The pattern has a standard control loop: define tools with clear names, descriptions, and parameter schemas; let the model decide whether a tool is needed; parse the model's structured tool request; execute the requested tool in the orchestration layer; return the tool result as an observation; then let the model produce a final response or request another tool call.
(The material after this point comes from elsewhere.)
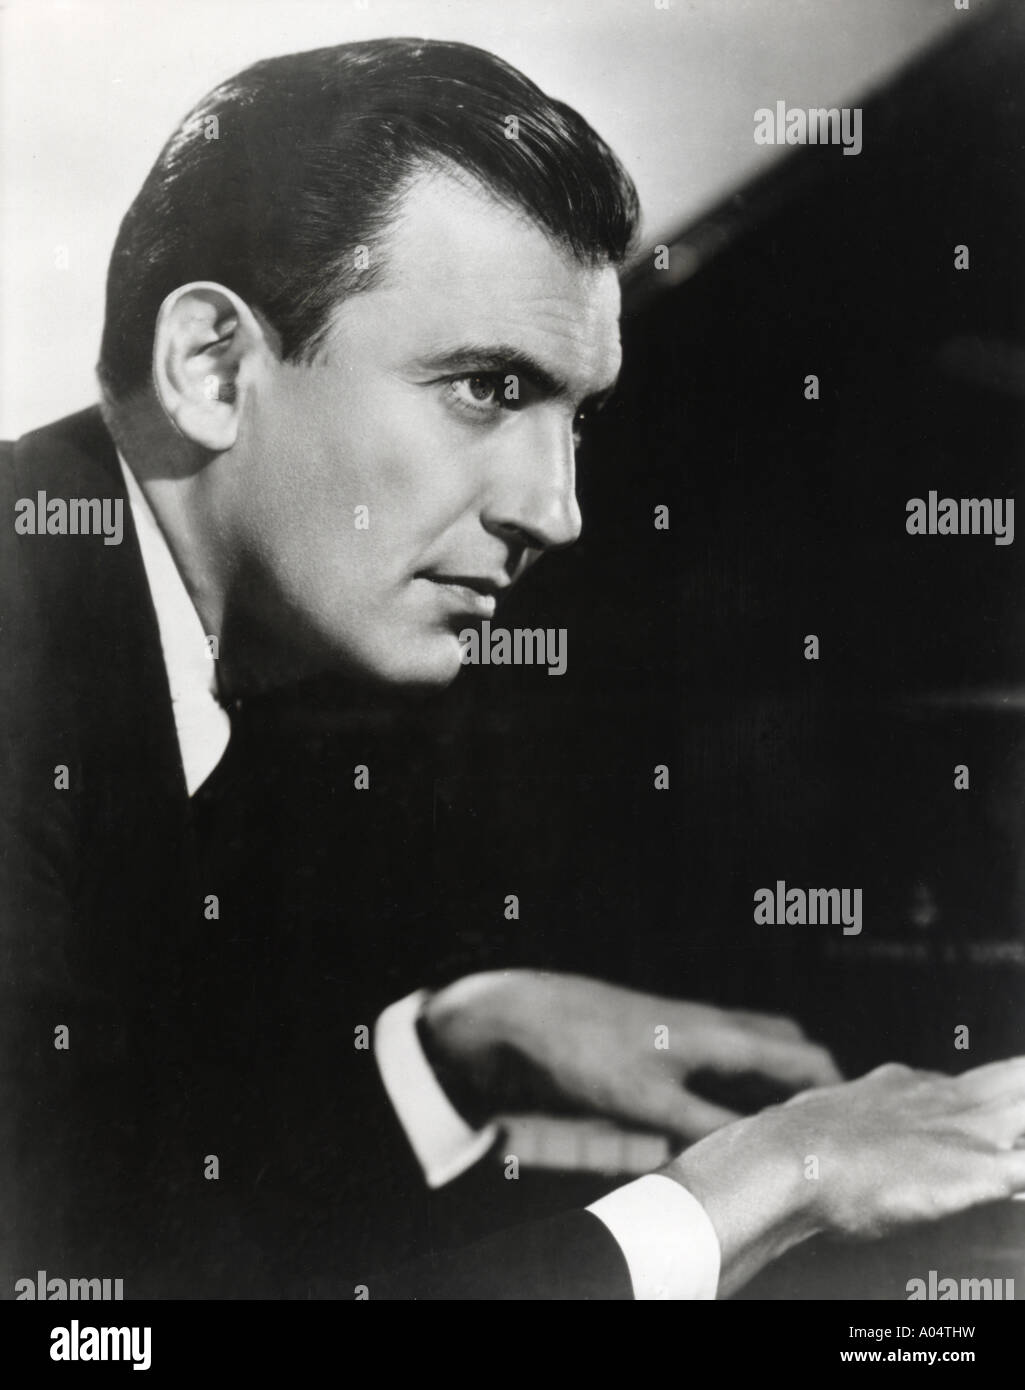 EDDY DUCHIN US bandleader and pianist 1909 to 1951 Stock Photo - Alamy
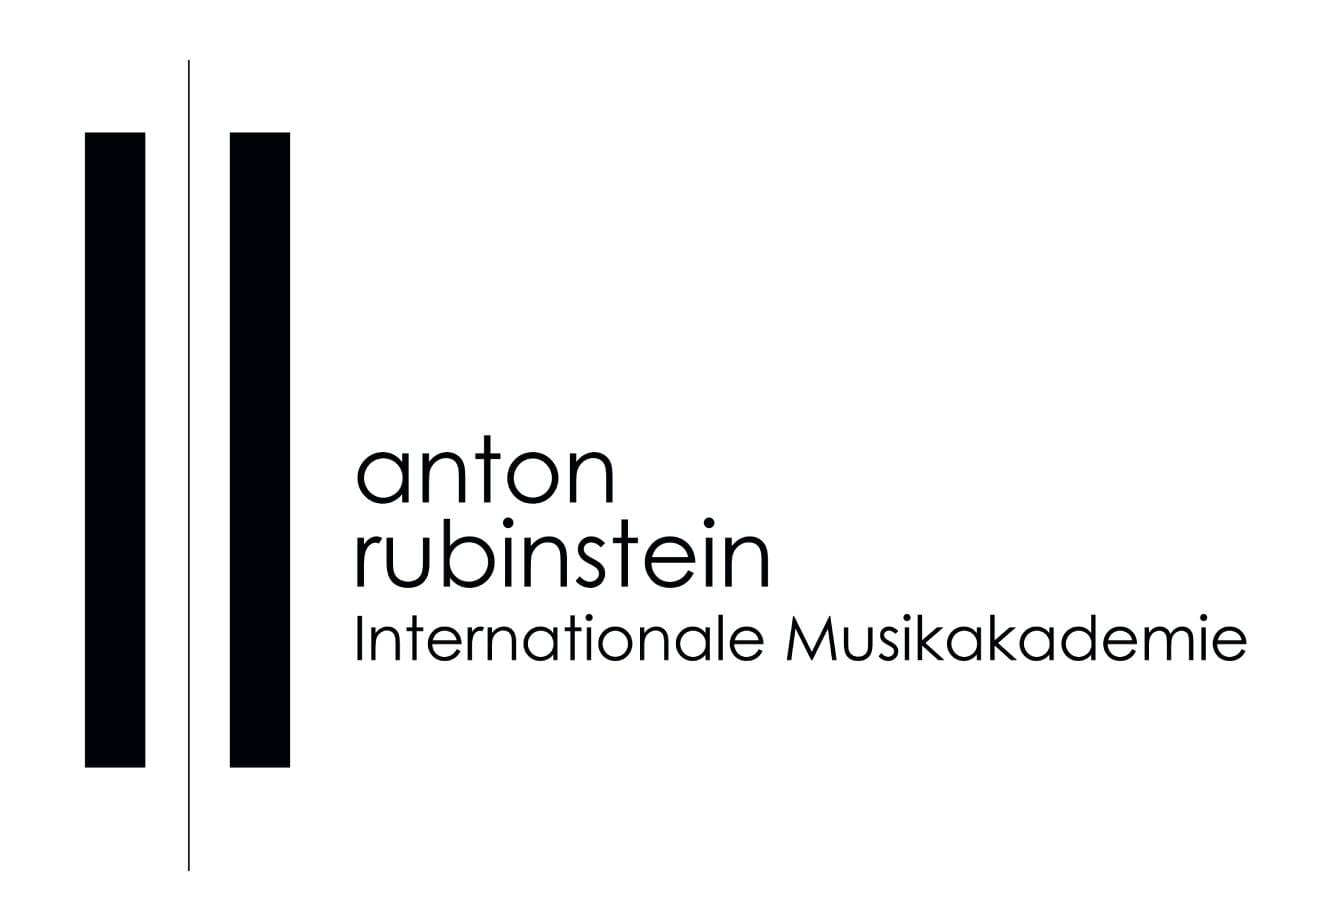 Internationale Musikakademie Anton Rubinstein

For implementation, tool use should behave like a governed action loop rather than an unrestricted model capability. The LangGraph example should validate tool names and arguments, execute only registered tools, preserve observations, handle tool errors explicitly, cap repeated tool calls, and avoid inventing results when a tool fails or does not support the request.

Pattern Explanation

Conceptual Overview

Tool Use gives an LLM controlled access to abilities it does not have internally. A model can reason that a user's request needs current weather, a stock price, a database lookup, a calculation, or a code execution result, but the orchestration layer must perform the actual operation.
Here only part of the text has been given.